Chapter 35: Pseudomonas and Other Opportunistic Gram-negative Bacilli

There is a large number of Pseudomonas species, the most important of which is P aeruginosa. The number of human infections produced by the other species together is far lower than that produced by P aeruginosa alone. Pseudomonas species are most frequently seen as colonizers and contaminants, but are able to cause opportunistic infections. The assignment of species names has little clinical importance beyond differentiation from P aeruginosa. Reports vary regarding the frequency of their isolation from cases of bacteremia, arthritis, abscesses, wounds, conjunctivitis, and urinary tract infections.
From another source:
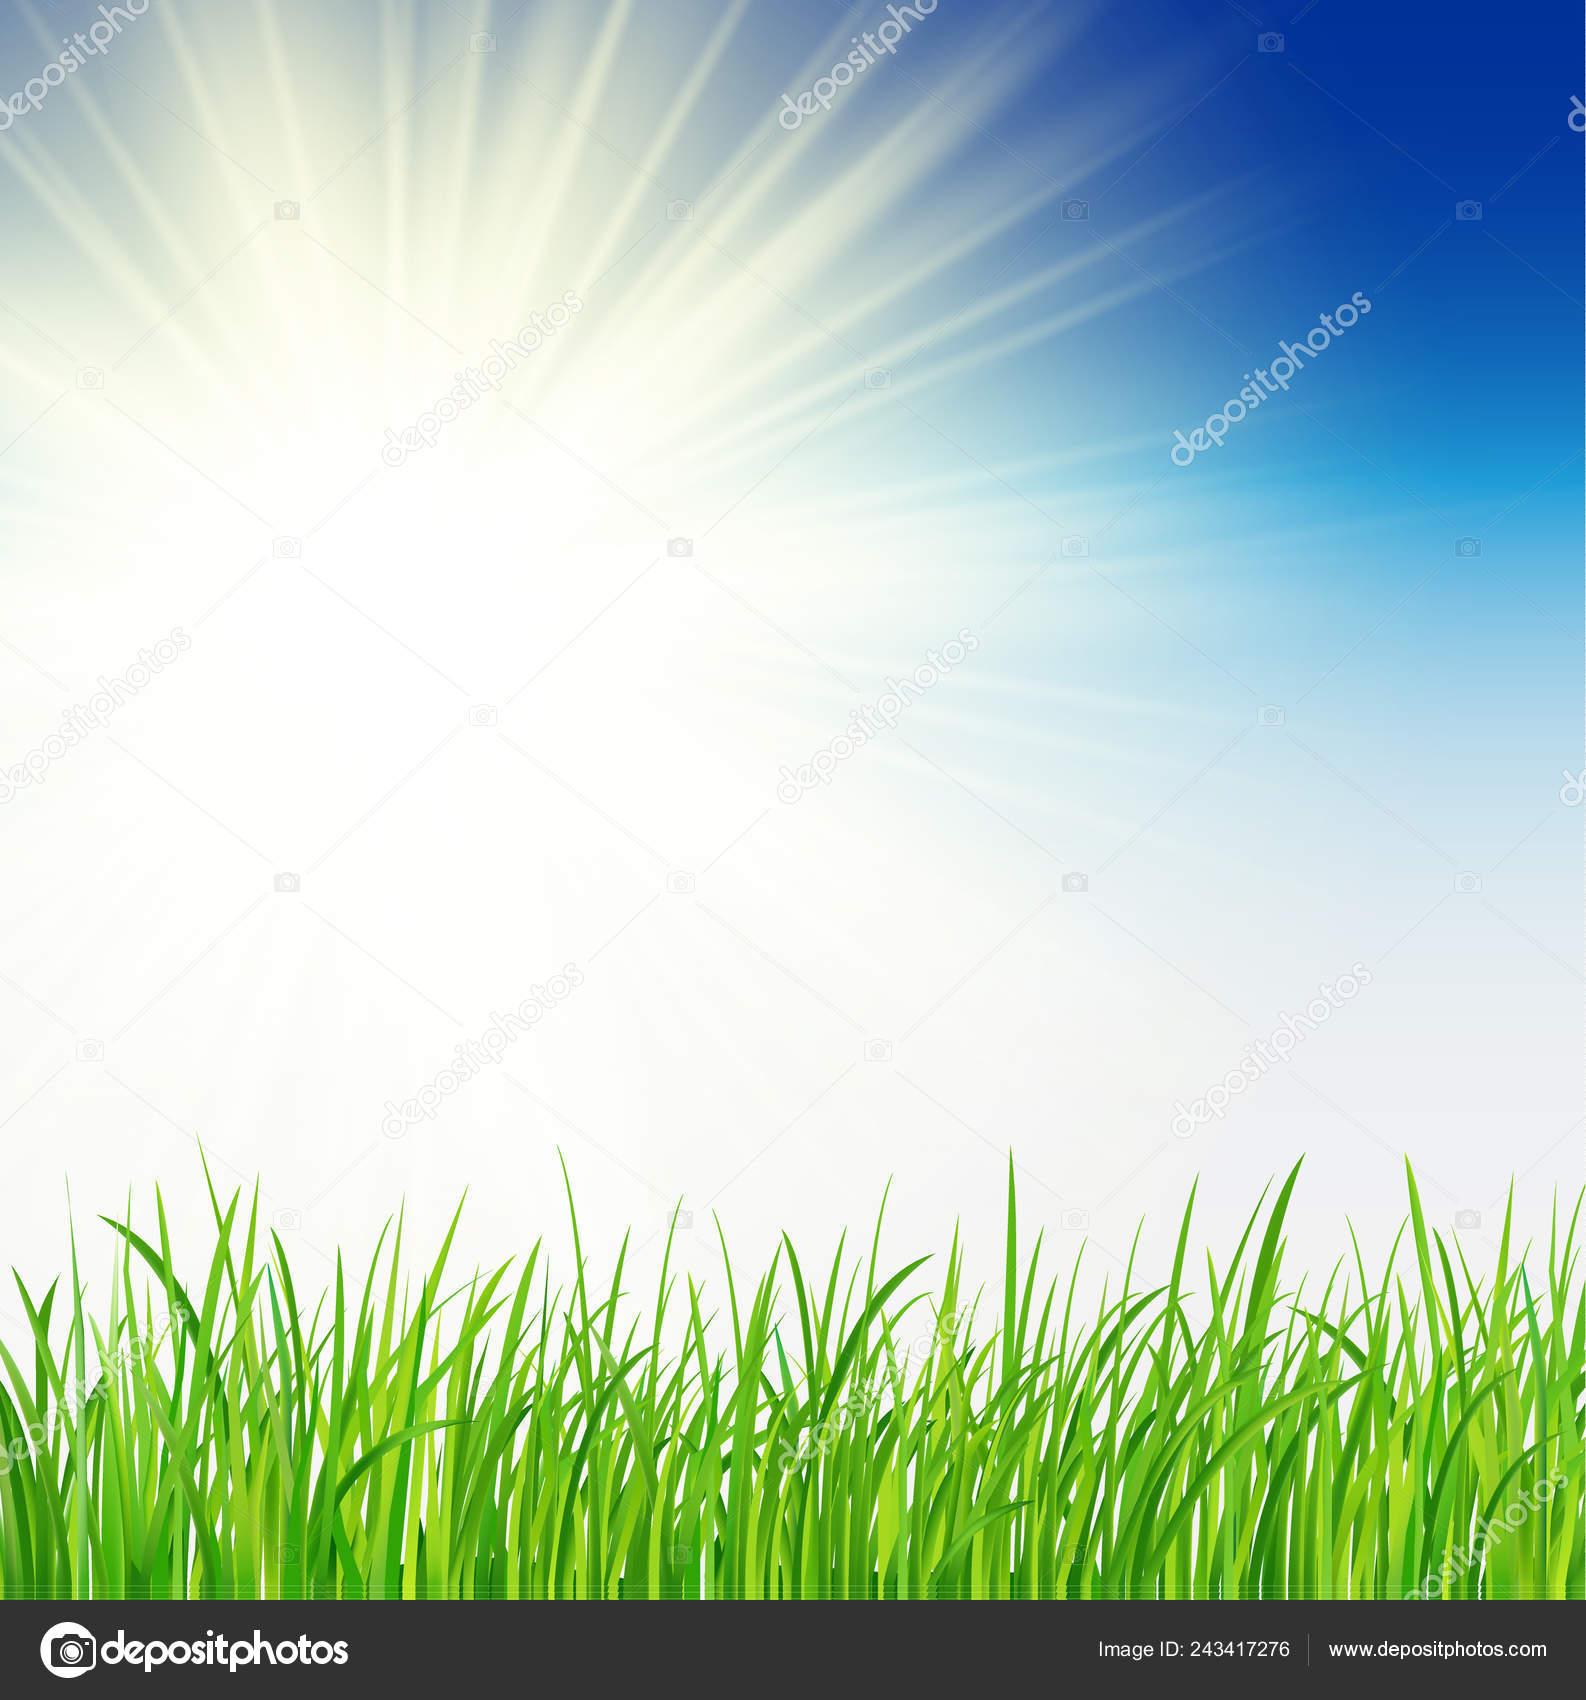 green background sun grass vector spring background vector sunny natural stock vector c antonvector 243417276 green background sun grass vector spring background vector sunny natural stock vector c antonvector 243417276

In general, unless isolated in pure culture from a high-quality (direct) specimen, it is difficult to attach pathogenic significance to any of the miscellaneous Pseudomonas species.

BACTERIOLOGY

Pseudomonas aeruginosa is an aerobic, motile, gram-negative rod that is slimmer and more pale-staining than members of the Enterobacteriaceae. Its most striking bacteriologic feature is the production of colorful water-soluble pigments. P aeruginosa also demonstrates the most consistent resistance to antimicrobial agents of all the medically important bacteria.

P aeruginosa is sufficiently versatile in its growth and energy requirements to use simple molecules such as ammonia and carbon dioxide as sole nitrogen and carbon sources. Thus, it does not require enriched media for growth and can survive and multiply over a wide temperature range (20-42°C) in almost any environment, including one with a high salt content. The organism uses oxidative energy-producing mechanisms and has high levels of cytochrome oxidase (“oxidase-positive”). Although an aerobic atmosphere is necessary for optimal growth and metabolism, most strains multiply slowly in an anaerobic environment if nitrate is present as an electron acceptor.

Growth on all common isolation media is luxurious, and colonies have a delicate, fringed edge. Confluent growth often has a characteristic metallic sheen and emits an intense fruity odor. Hemolysis is usually produced on blood agar. The positive oxidase reaction of P aeruginosa differentiates it from the Enterobacteriaceae, and its production of blue, yellow, or rust-colored pigments differentiates it from most other gram-negative bacteria. The blue pigment, pyocyanin, is produced only by P aeruginosa. Fluorescein, a yellow pigment that fluoresces under ultraviolet light is produced by P aeruginosa and other free-living, less pathogenic Pseudomonas species. Pyocyanin and fluorescein combined produce a bright green color that diffuses throughout the medium.

Lipopolysaccharide (LPS) is present in the outer membrane, as are porin proteins, which differ from those of the Enterobacteriaceae family in offering much less permeability to a wide range of molecules, including antibiotics. Pili composed of repeating monomers of the pilin structural subunit extend from the cell surface. A single polar flagellum rapidly propels the organism and assists in binding to host tissues.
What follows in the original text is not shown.